[INFORMATION SUPPLIED]
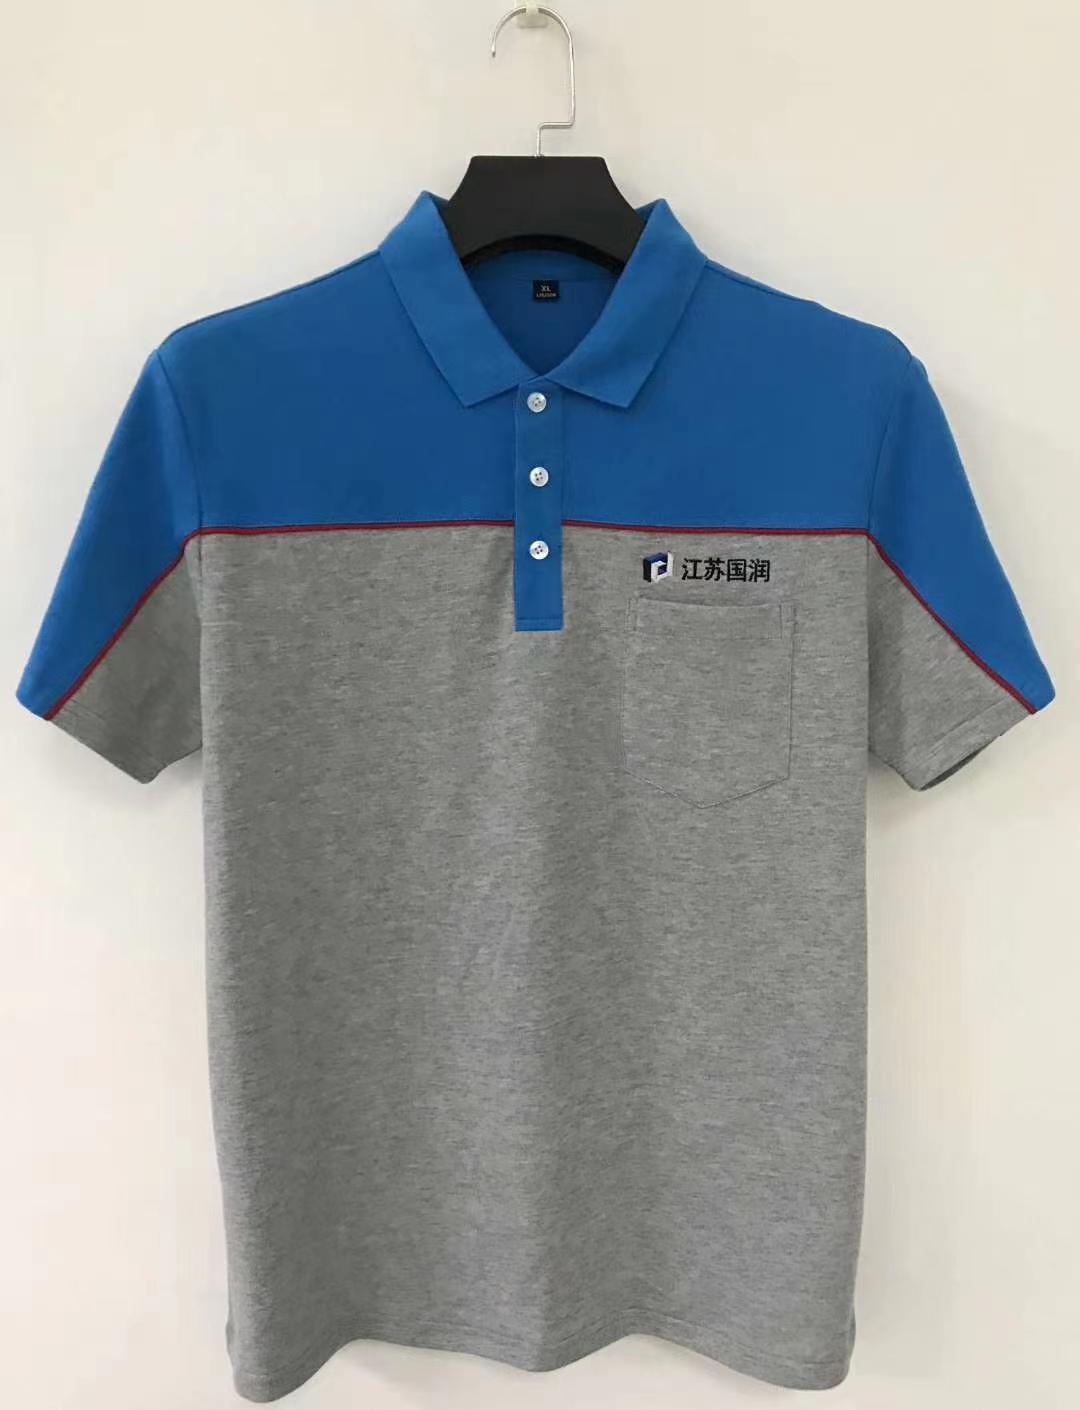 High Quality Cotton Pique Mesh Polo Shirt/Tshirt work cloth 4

...

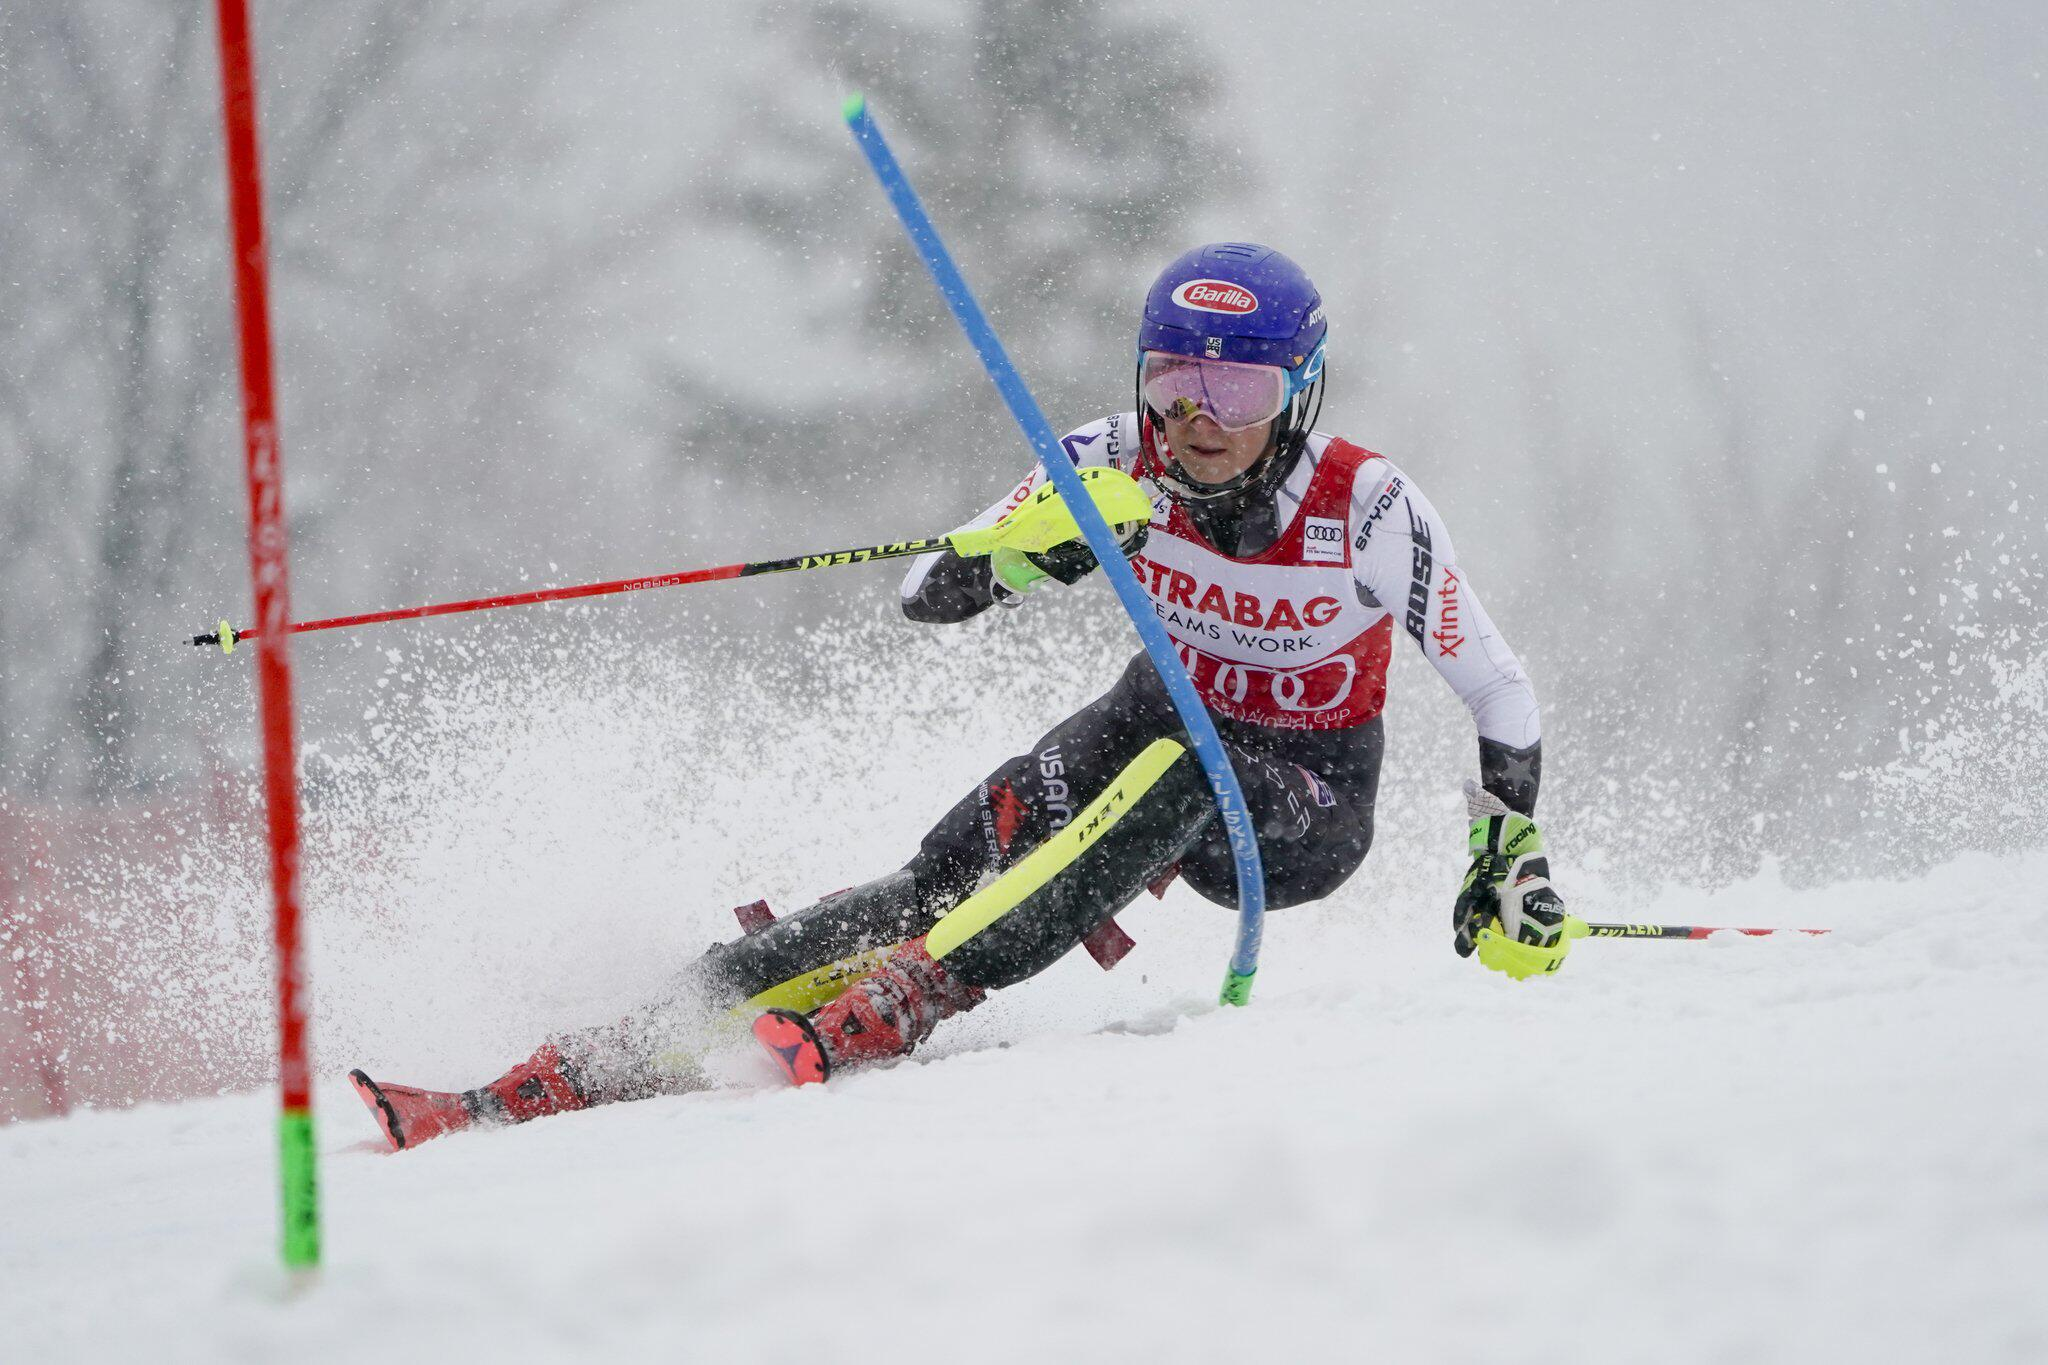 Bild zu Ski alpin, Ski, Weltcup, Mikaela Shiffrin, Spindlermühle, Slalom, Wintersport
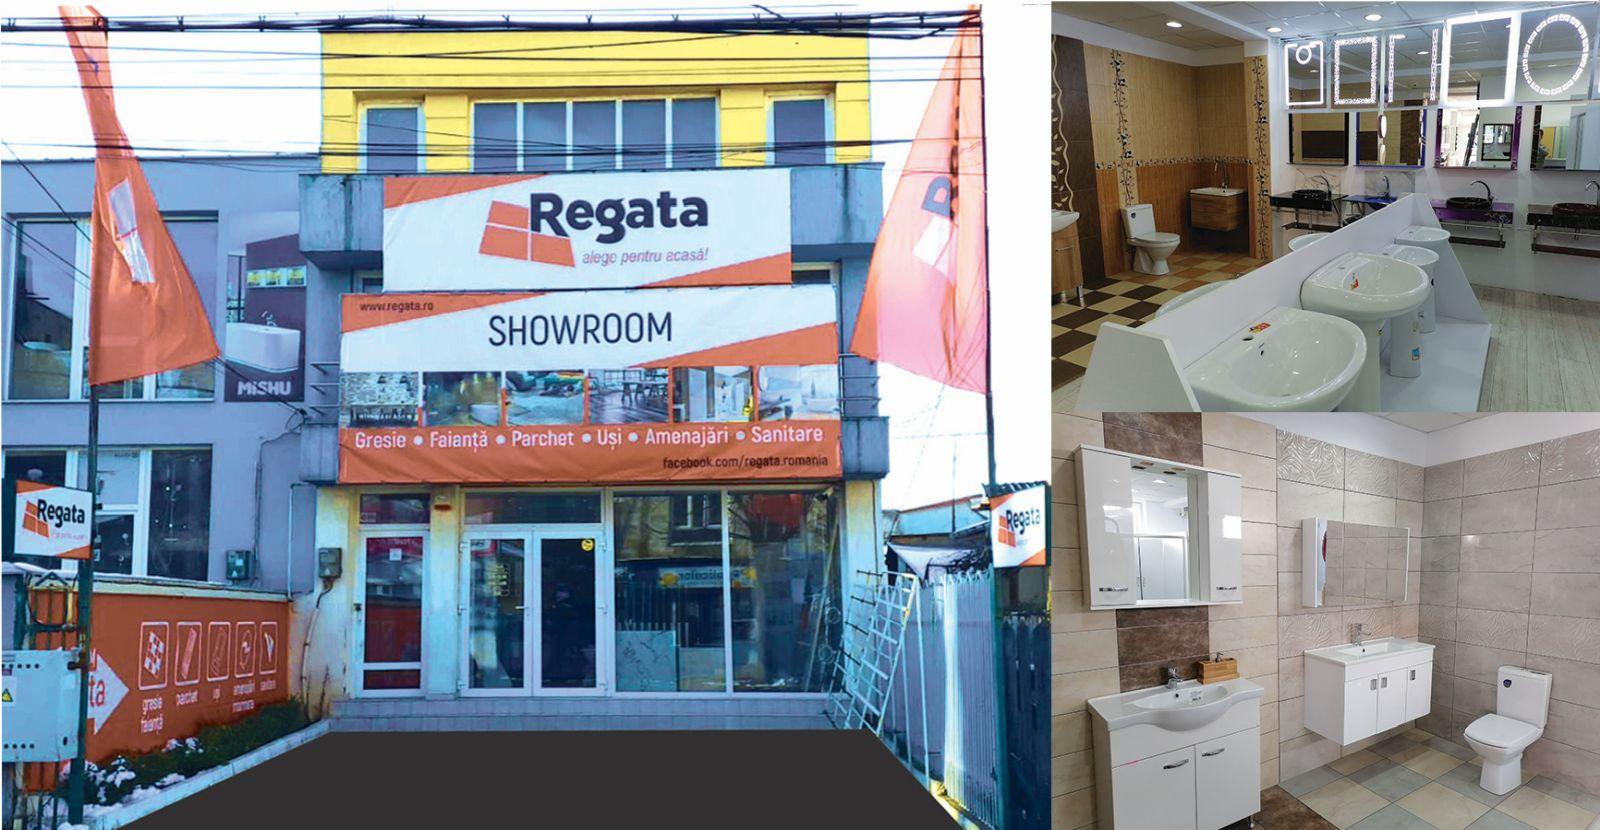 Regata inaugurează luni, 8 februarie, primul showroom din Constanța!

[PROBLEM STATEMENT] The answer must be the lines above from the one containing "Bild zu Ski" through the one containing "Regata inaugurează luni, 8", reproduced exactly, with no pictures and nothing else.

[RESPONSE BOX]
 Bild zu Ski alpin, Ski, Weltcup, Mikaela Shiffrin, Spindlermühle, Slalom, Wintersport
 Regata inaugurează luni, 8 februarie, primul showroom din Constanța!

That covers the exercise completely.